27. The method according to claim 26, wherein the inherited or acquired RBC disorder is selected from the group consisting of hereditary or inherited spherocytosis, elliptocytosis, sepsis, hemoglobinopathy, sickle cell disease, sickle cell trait, diabetes mellitus, hemolytic anaemia, and a RBC enzyme deficiency.

28. The method according to claim 27, wherein the inherited or acquired red blood cell disorder is sickle cell disease.

29. The method according to claim 22, wherein the RBCs that are subjected to filtration are a RBC concentrate.

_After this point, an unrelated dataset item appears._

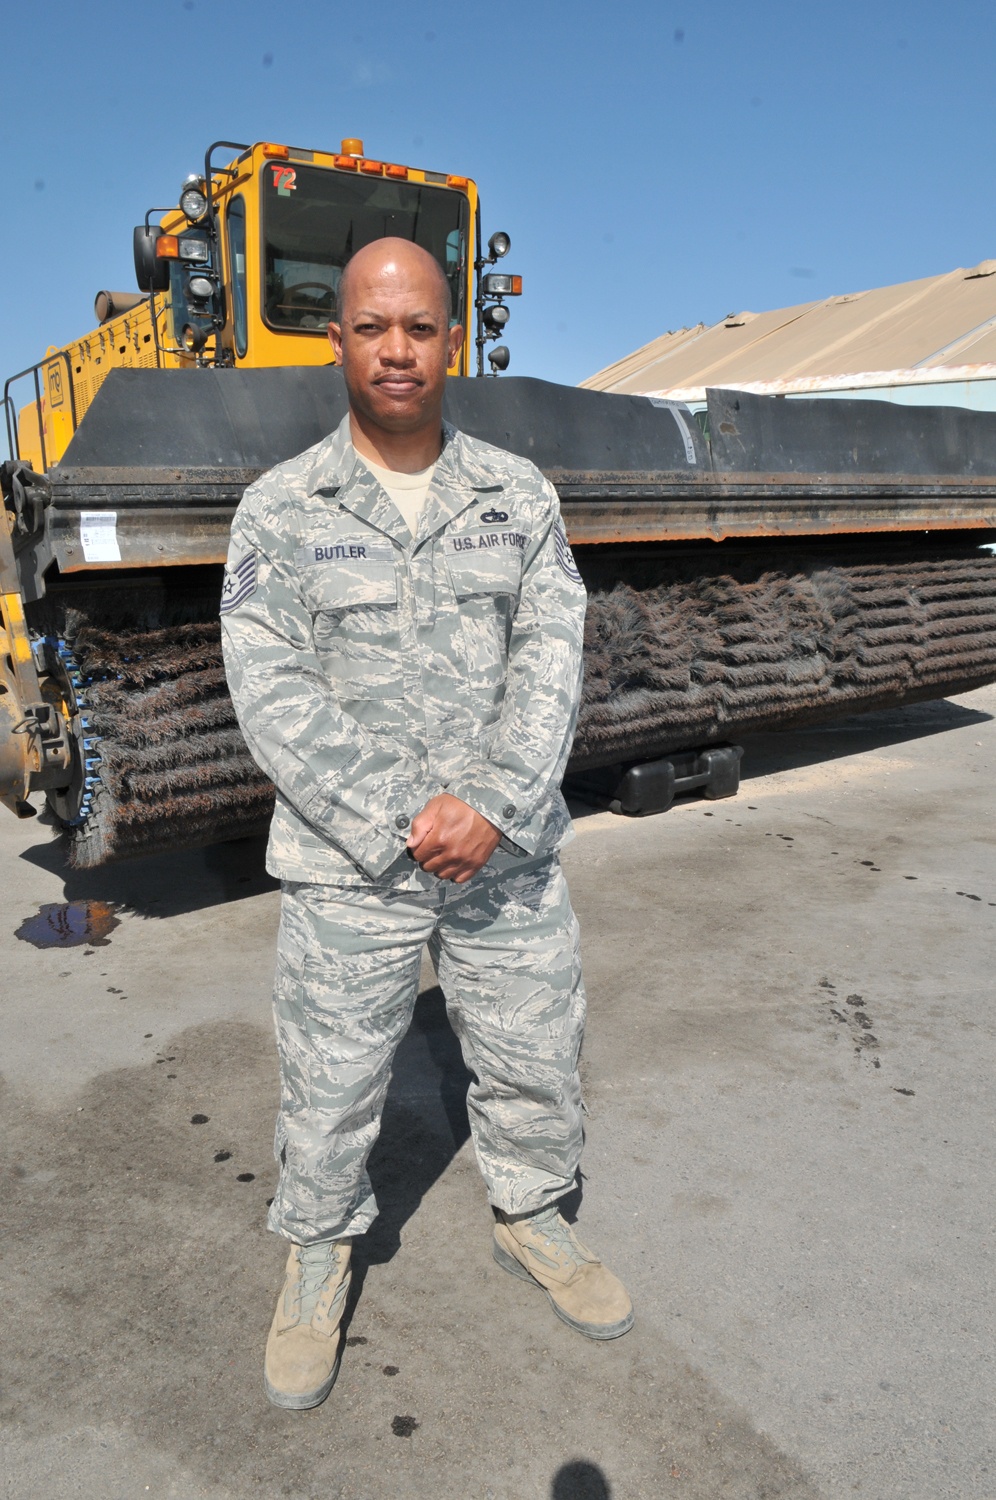 Mobility Airman profile: Joint Base Lewis-McChord NCO supports vehicle maintenance ops in Kyrgyzstan

30. The method according to claim 22, wherein the RBCs that are subjected to filtration are a RBC fraction of erythrocytapheresis.

31. The method according to claim 22, wherein the RBCs that are subjected to filtration are obtained from a human.

32. The method according to claim 22, wherein the RBCs that are subjected to filtration are obtained from the patient to be infused.

33. The method according to claim 22, wherein the RBCs that are subjected to filtration are obtained from a blood bank.

34. The method according to claim 22, wherein at least one layer of micro-beads of the filtering unit is constituted by a mix of micro-beads having a size distribution of 15 to 25 μm diameter and micro-beads having a size distribution of 5 to 15 μm diameter.

35. The method according to claim 34, wherein at least one layer of micro-beads of the filtering unit is constituted by a mix of micro-beads having a size distribution of 15 μm to 25 μm diameter and micro-beads having a size distribution of 5 μm to 15 μm diameter and comprises at least 50% (w/w) of micro-beads having a size distribution of 5 μm to 15 μm diameter.

36. The method according to claim 35, wherein said at least one layer of micro-beads is constituted by about 50% (w/w) of micro-beads having a size distribution of 15 μm to 25 μm diameter and about 50% (w/w) of micro-beads having a size distribution of 5 μm to 15 μm diameter.

37. The method according to claim 22, wherein each layer of micro-beads has a thickness selected from 500 μm to 1 cm, 500 μm to 10 mm, 1 mm to 10 mm, or 2 mm to 10 mm.

38. A method for preparing RBCs for infusion to a patient, which method comprises filtering RBCs through a filtering unit comprising one or several layers of micro-beads having a diameter of 5 to 50 μm or 5 to 25 μm, recovering the filtrate, and obtaining RBCs depleted of rigid red blood cells.

39. A method for rejuvenation of RBCs for transfusion, which method comprises filtering said RBCs through a filtering unit comprising one or several layers of micro-beads having a diameter of 5 to 50 μm or 5 to 25 μm and recovering the filtrate, whereby obtaining a rejuvenated RBC preparation is depleted of rigid red blood cells.

40. A method for treating a patient having an inherited or acquired RBC disorder, which method comprises collecting blood from the patient, filtering said blood through a filtering unit comprising one or several layers of micro-beads having a diameter of 5 to 50 μm or 5 to 25 μm, recovering the filtrate and infusing the patient with said filtrate.

41. The method according to claim 40, wherein the inherited or acquired RBC disorder is selected from the group consisting of hereditary or inherited spherocytosis, elliptocytosis (also named ovalocytosis), sepsis, hemoglobinopathy, alpha or beta thalassemia, sickle cell disease, sickle cell trait (or sicklemia), diabetes mellitus, hemolytic anaemia, auto immune hemolytic anaemia, red blood cell enzyme deficiency, glucose-6-phosphate deshydrogenase deficiency, pyruvate kinase deficiency, and an infection with a protozoan parasite of the genus Plasmodium or Babesia.